◆ **Given information**
[Start of section]

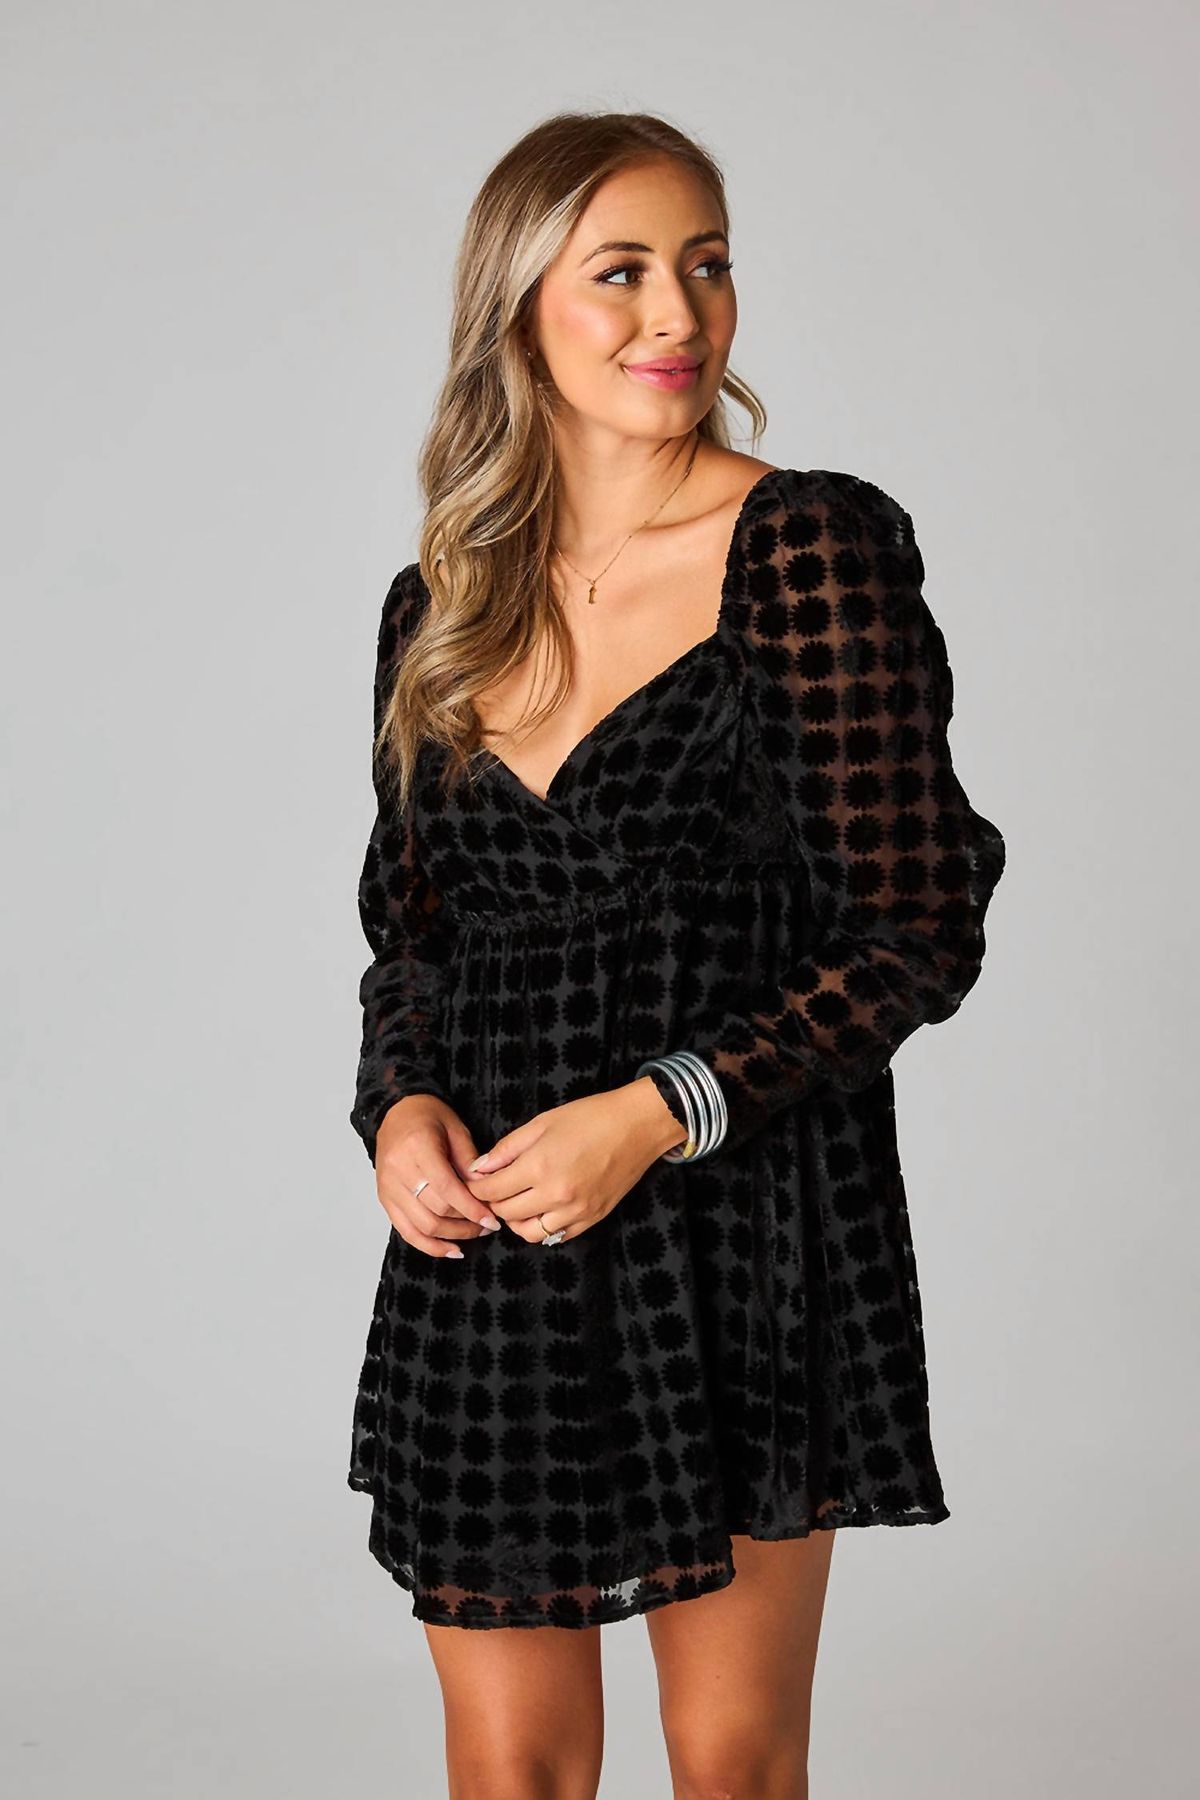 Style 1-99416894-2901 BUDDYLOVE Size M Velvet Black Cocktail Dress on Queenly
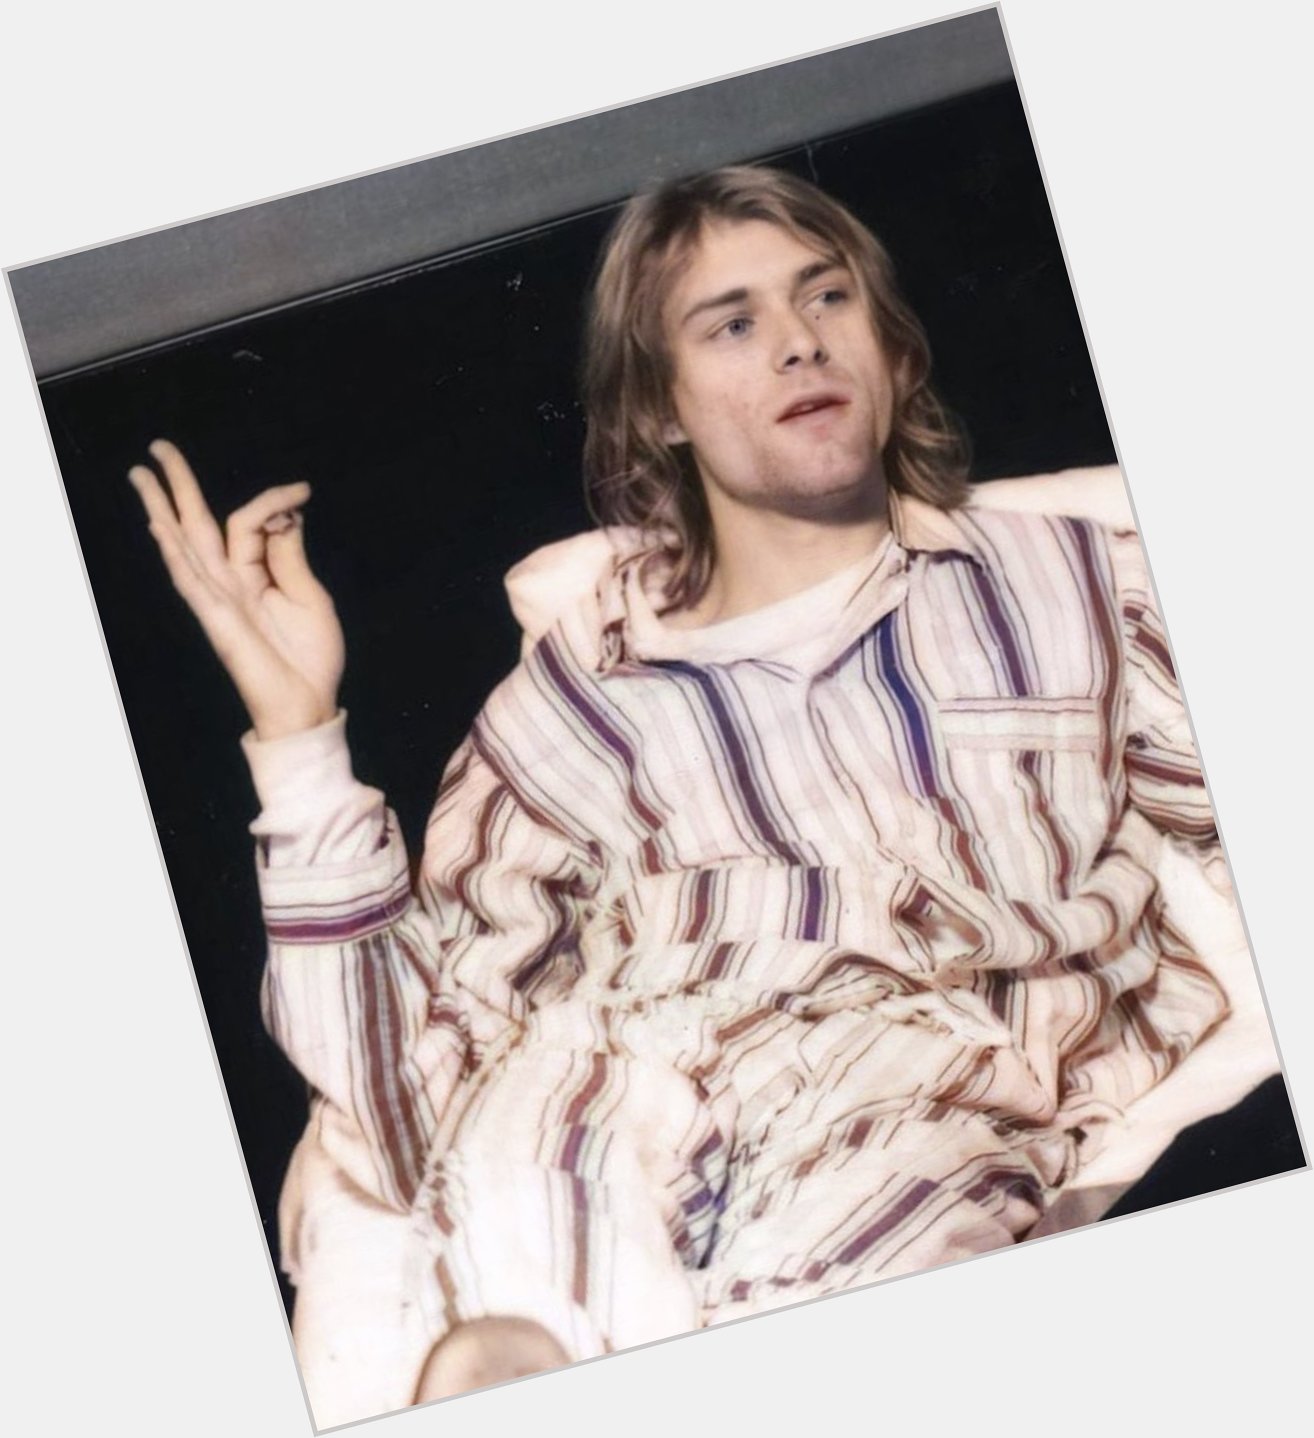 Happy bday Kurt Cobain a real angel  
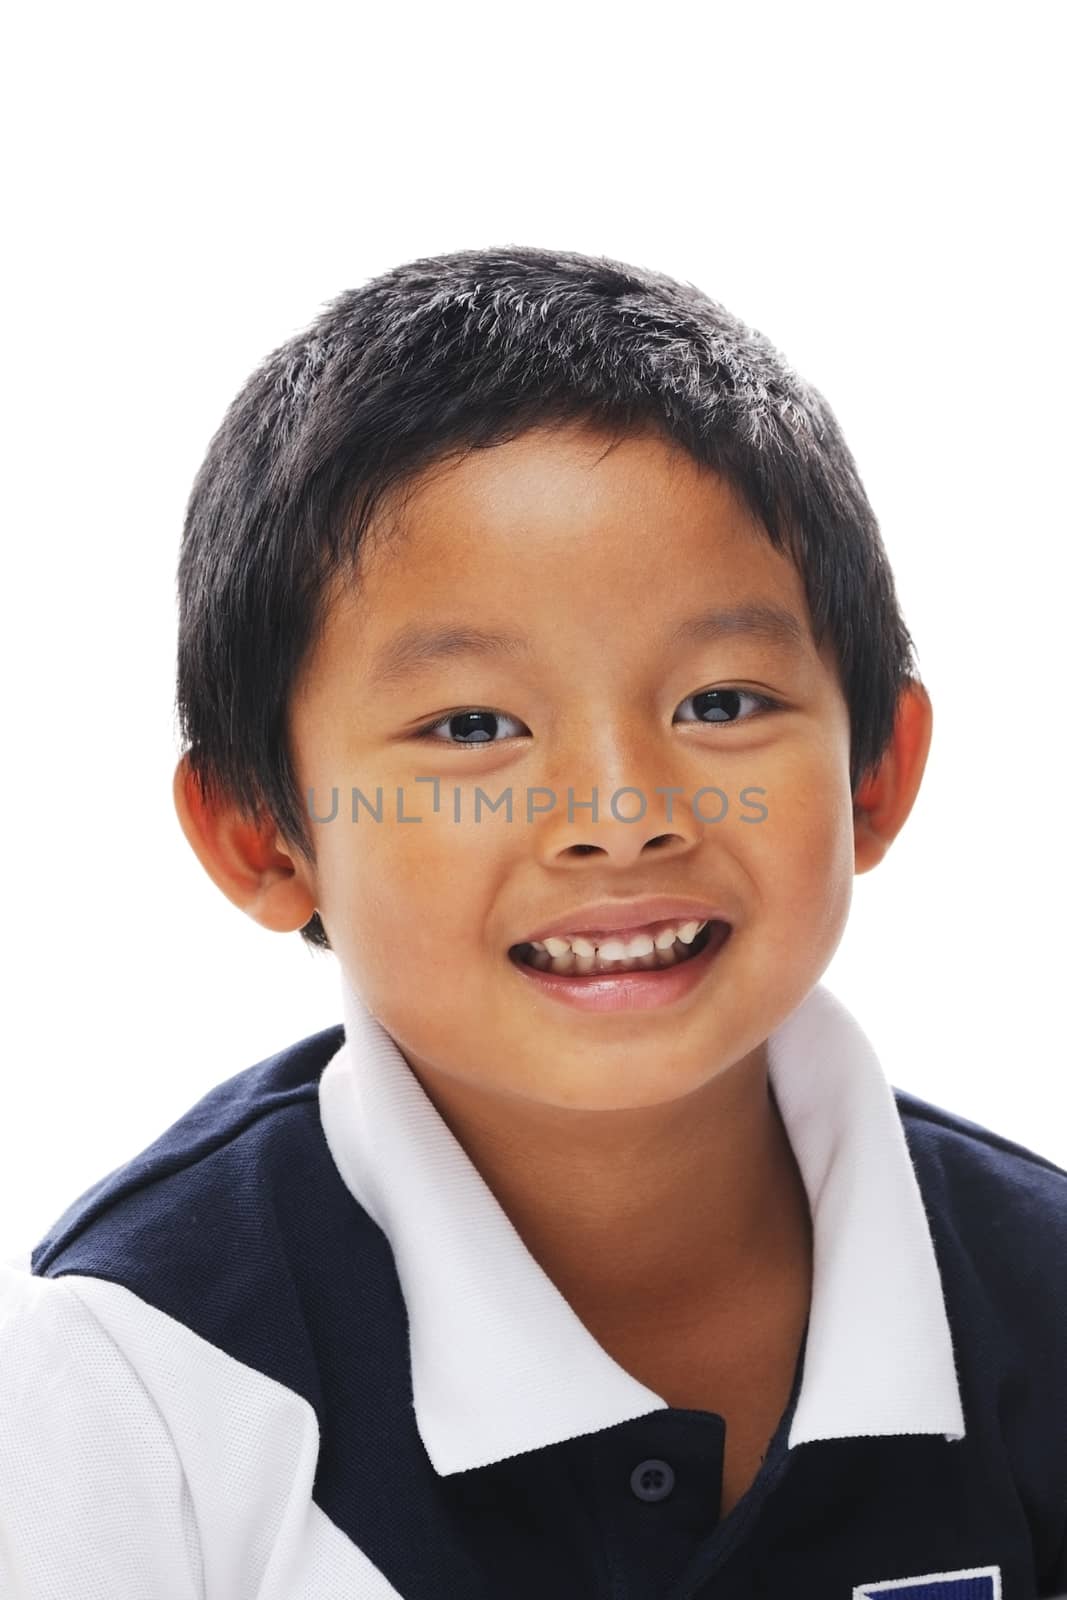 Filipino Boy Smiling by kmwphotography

[End of section]

◆ **Work instruction**
Return the listing verbatim; pictures are not part of the copy.

◆ **Answer area**
 Style 1-99416894-2901 BUDDYLOVE Size M Velvet Black Cocktail Dress on Queenly
 Happy bday Kurt Cobain a real angel  
 Filipino Boy Smiling by kmwphotography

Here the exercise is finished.